– Неужто думаете, будто без этого не упокоится? – отозвался Сергеев, стараясь говорить настолько мягко, насколько умел, чтобы в его тоне собеседнице не послышалось обвинения или упрёка. – Кажется мне, не больно-то это вяжется с православным учением.
– Ой… ой… – замялась женщина. – Глупая я баба… Глупую жизнь прожила, вот до сих пор и мелю одну глупость, ничего путного…
– Да ну, что вы! – смутился Сергеев. – Я вовсе не то хотел сказать. Просто, наверное, брату в его нынешнем, так сказать, пребывании публикация книги о Толстом не так важна, как была при жизни земной, – это я имел в виду.
– Сергей Сергеич его любил, Толстого-то…
– Знаю. Знаю. Но кому в наше время такая книга была бы нужна? Сами подумайте. В наши дни даже чтобы повысить себе звание в научной среде – и то приходится за свой счёт печатать брошюры, а потом, извините за выражение, втюхивать студентам, чтоб эта макулатура не пылилась дома на антресоли годами. А книга о графе Толстом из Красного Рога? Разве хоть одно издательство возьмётся на свой страх и риск такое печатать, будь это хоть тысячу раз полезно обществу?
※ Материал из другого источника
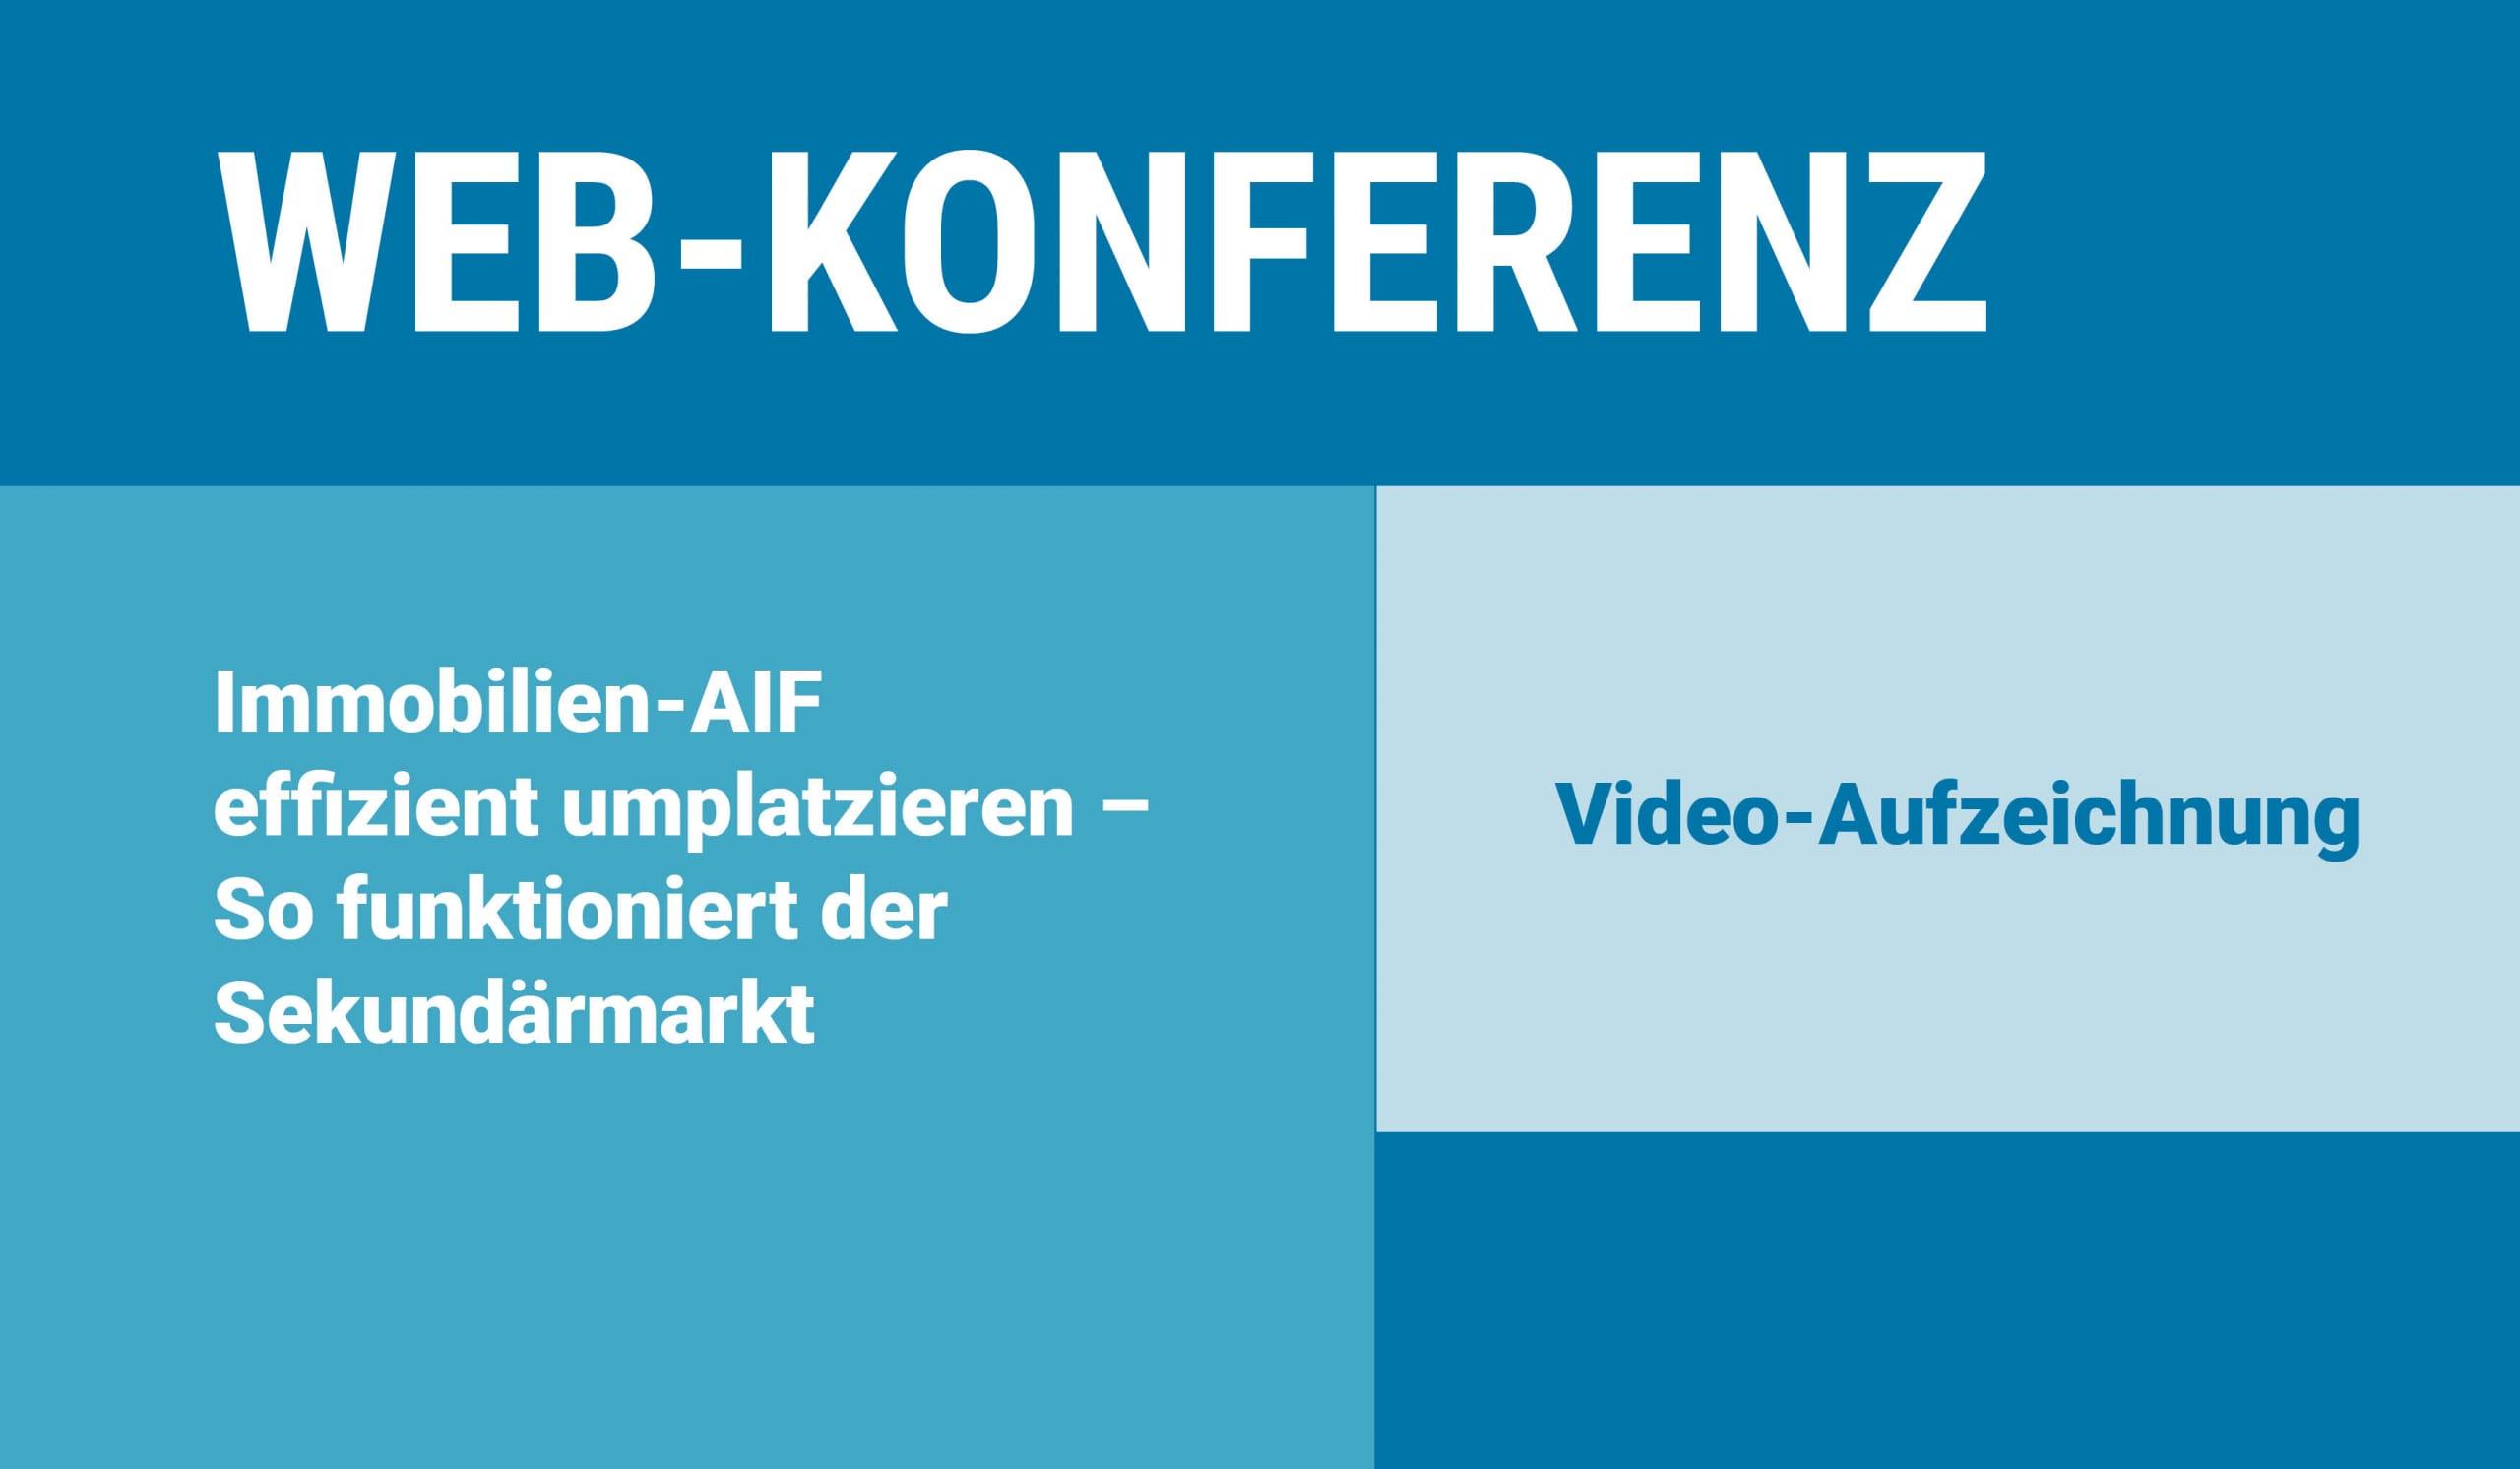 Banner zu Web-Konferenz (Webinar) der Real Exchange

– Ну, я не… – попыталась было поддержать разговор свечница. Но Сергеев её словно бы не слышал.
– Наоборот – с большой охотой напечатают то, что обществу вредно. Вся эта жвачка из проходных, плохо написанных детективов, пошлой, штампованной фантастики выходит миллионами тиражей, а какая-нибудь научная монография – в смехотворных пяти сотнях экземпляров. Каково, а?! Катимся на дно. Со свистом. И брат мой это понимал лучше нас с вами. Потому и не кончил книгу. Захотел бы при жизни – думаете, его хоть что-то смогло бы остановить? Вот я уверен, что нет, не смогло бы. Он её, может быть, для себя писал, ту книгу, а не на потребу, простите… охлосу! Может, публикация, наоборот, стала бы ему жестоким оскорблением, пощёчиной. Ему, его памяти. Он и без того много хорошего сделал. Очень много. Больше, чем кажется.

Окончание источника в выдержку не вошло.